There are your Top 30! November 24, 2007Posted by Pablo Zevallos in Kevin Whelan, Steven White, Top 30 Prospects, Yankees: Looking to the Future.
So there is your top 30 prospects list for the New York Yankees! I hope that you, our readers, post any comments, complaints, compliments, or gripes on any post you feel necessary.
However, there is no Top 30 without an honorable mention section. The honorable mention prospects:
Steven White: White, the 4th round pick out of Baylor in 2003, has seemingly been around forever. He once held the title of best Yankees pitching prospect, but later surrendered that title next year to Phil Hughes. He’s supposedly lost a tick or two off that big 96-97 MPH fastball he had when drafted. His slurve comes in at 77-80, and a plus changeup at 80. However, White needs to not overthrow when in a jam, and needs time to adjust to a new level. He has seemingly been around the system forever, largely because of a variety of bizarre injuries since his drafting that have held him back. That, his age, and his inability to crank up the big strikeouts anymore don’t make him a Top-30. However, White has some upside, and projects best as a reliever since there are better pitchers who are and will be in the rotation. He should struggle a little bit in New York for the first few months, then do better.

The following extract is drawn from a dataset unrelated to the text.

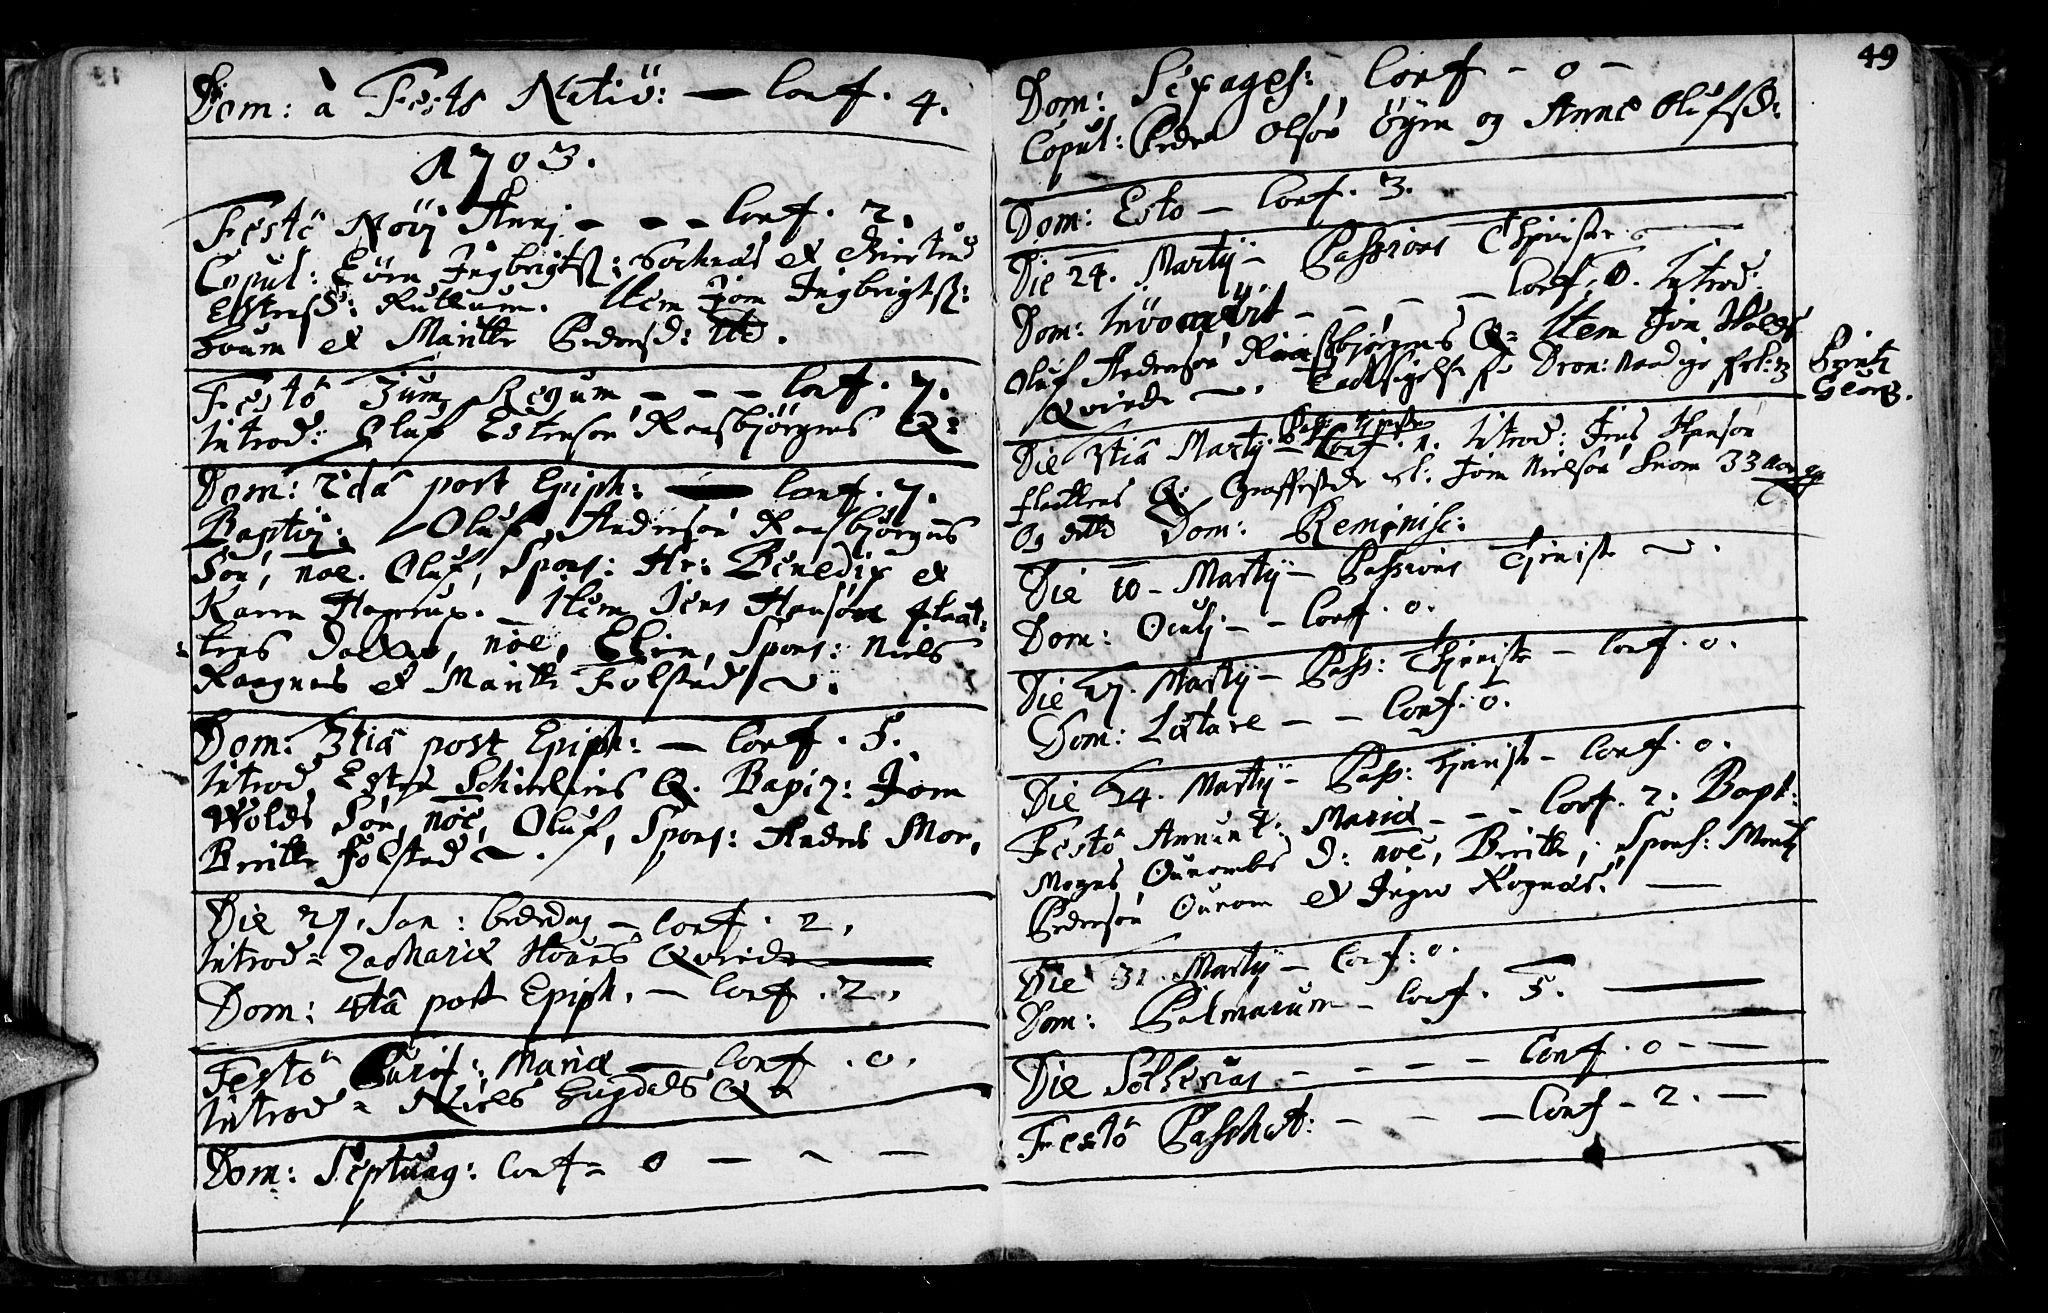 SAT, Ministerialprotokoller, klokkerbøker og fødselsregistre - Sør-Trøndelag, 687/L0990: Ministerialbok nr. 687A01, 1690-1746, s. 49
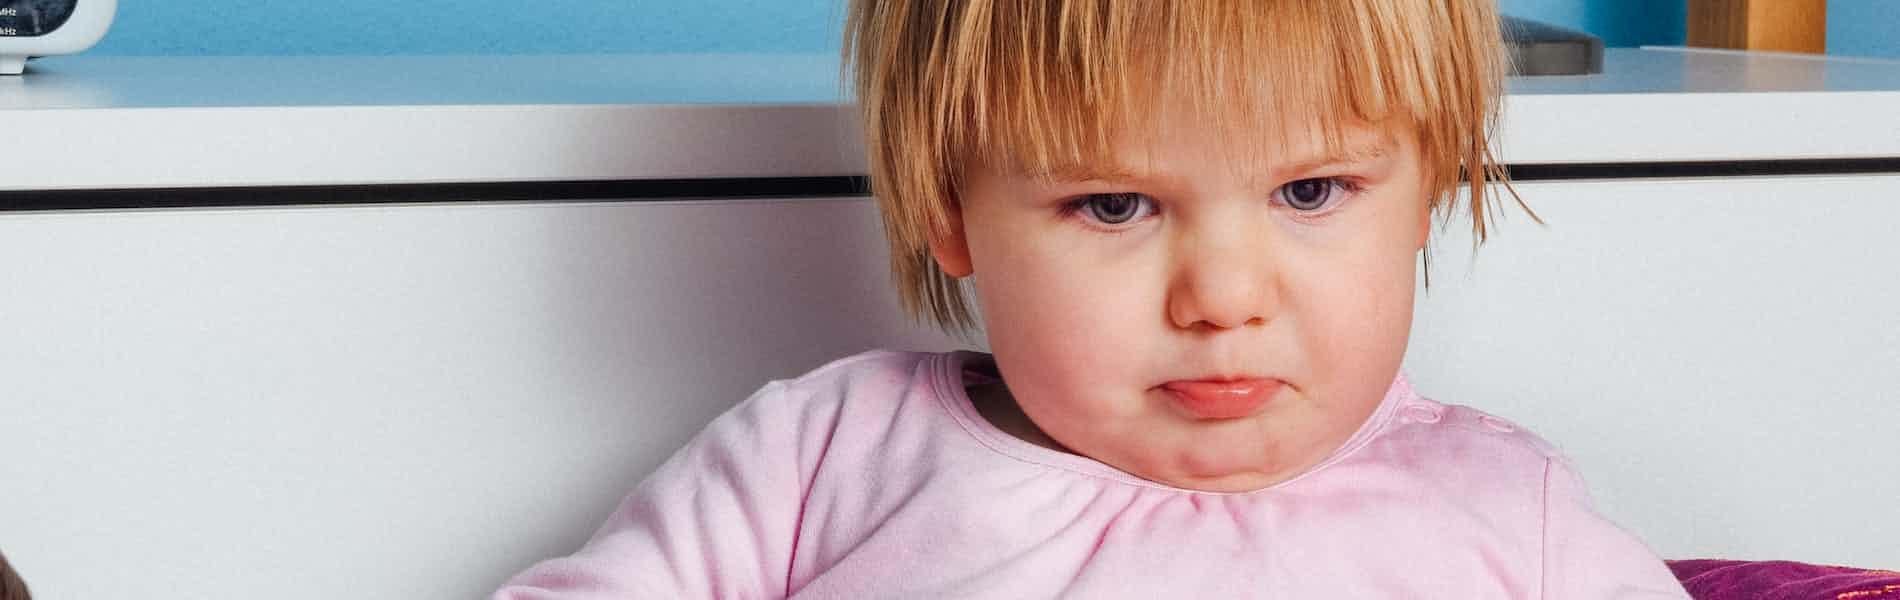 הפרעות ובעיות שינה בקרב ילדים עם הפרעות מהספקטרום האוטיסטי

Ceiling: B-, Health: C+, Comparison: Luis Vizcaino
Kevin Whelan: Whelan isn’t in the Top 30 because, although he was lights out for a good part of the year, there is no place to put him. I felt like putting him in the 20s range, but that didn’t seem right. He is a prospect, and to me, he is really #30a. Regardless, Whelan is a 23-year-old right-hander who was drafted, by the Tigers, in the 4th round out of Texas A&M in 2005. He was a catcher, but the Tigers converted him to the mound since he couldn’t hit and throws hard. His fastball is plus, checking in at 92-95. Whelan’s splitter his easily his best pitch and largely used for strikeouts. The big thing, though, is that Whelan is wild. He did well in Tampa in his first full season with the Yankees organization, but when promoted to Trenton, he held a low hit rate, but also walked 6.96 per 9, a deplorable ratio. His hit rate is amazing (around 4 per 9 for the season) but the walks haunt him. His strikeouts are strong as well, and all he really needs to do to get into the Top 30 is walk less batters.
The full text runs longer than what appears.